We removed combination drugs (as DDIs of their constituent drug ingredients were separately mentioned), vaccines, vitamins, herbal medicines, food, beverages, supplements, tobacco, and lab tests. Also, generic drug classes (e.g., combined hormonal contraceptives, hormonal replacement therapy) appearing in the BNF were not mapped to their individual drug ingredients, as there was no table on the BNF website specifying the drugs belonging in each drug class. We mapped the remaining unique drug names occurring in the DDI resources to OHDSI standard vocabulary concept identifiers. For example, Metoprolol Tartrate was mapped to the RxNorm Ingredient concept metoprolol. For Thesaurus, a native French speaker (pharmacist) confirmed the drug mappings of French drug names to English language OHDSI concepts.

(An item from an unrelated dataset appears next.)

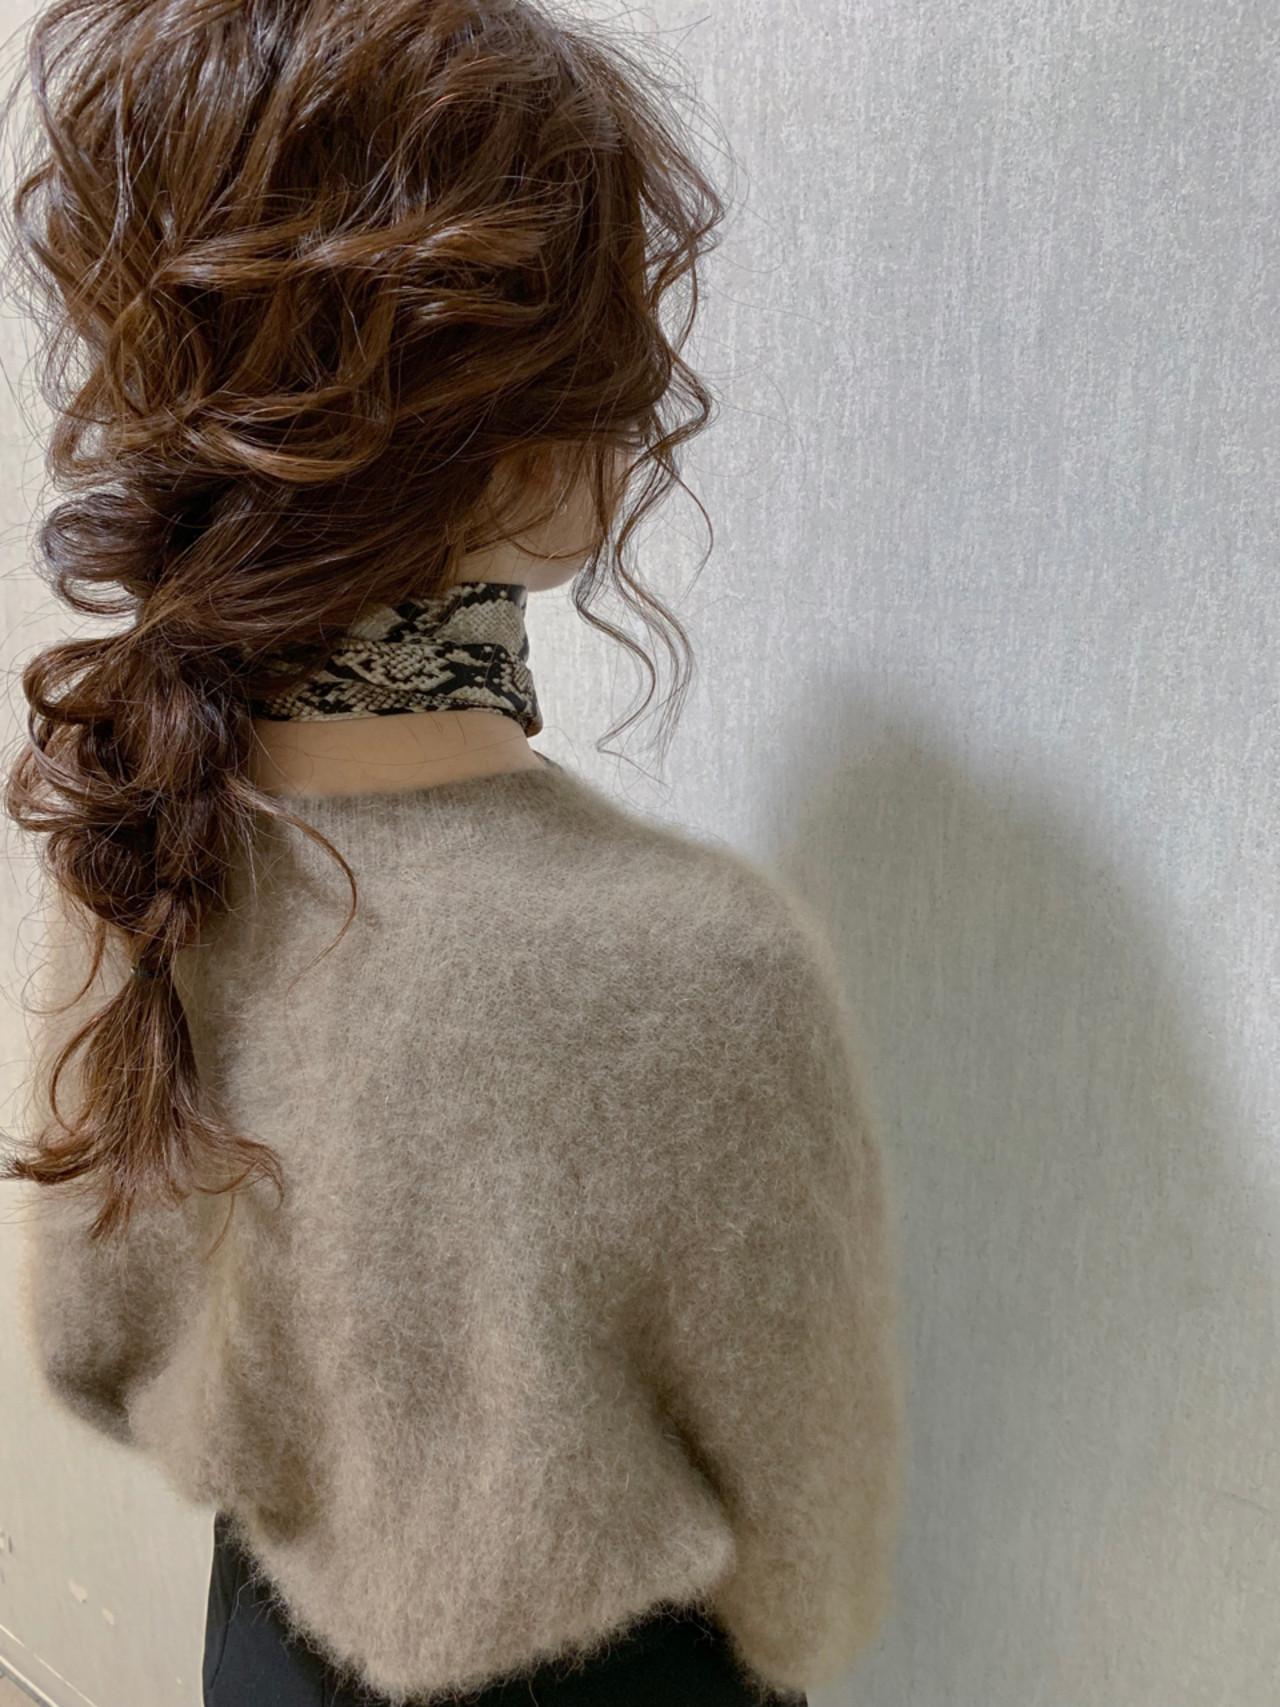 ヘアアレンジ 結婚式 簡単ヘアアレンジ ロング ヘアスタイルや髪型の写真・画像 | yumiko/sapporoSKNOW / SKNOW

A similar process was followed for drugs that appear in the single-drug data (ADRs and indications).

Intersection of DDI online resources

By matching drug names to their mapped drug ingredients in the extracted DDI data tables, we obtained the set of common drug pairs across the tables and generated a new table that contains only the DDIs and associated information which could be found in each of the DDI online resources under consideration. Cases where the interacting drug mapping of D1 and D2 were swapped in the original data tables (i.e., (D1,D2) and (D2,D1)) were considered equivalent.

The final table contained the following fields:

  • drug_1 concept name (e.g., metoprolol);

  • drug_2 concept name (e.g., lidocaine);

  • bnf description (e.g., Lidocaine is predicted to increase the risk of cardiovascular adverse effects when given with metoprolol. Manufacturer advises use with caution or avoid);

  • micromedex description (e.g., lidocaine toxicity (anxiety, myocardial depression, cardiac arrest));

  • bnf severity (e.g., Severe);

  • ansm severity (e.g., Précautions d’emploi (Precautions for use));

  • micromedex severity (e.g., major);

  • bnf evidence (e.g., Study);

  • micromedex evidence (e.g., probable).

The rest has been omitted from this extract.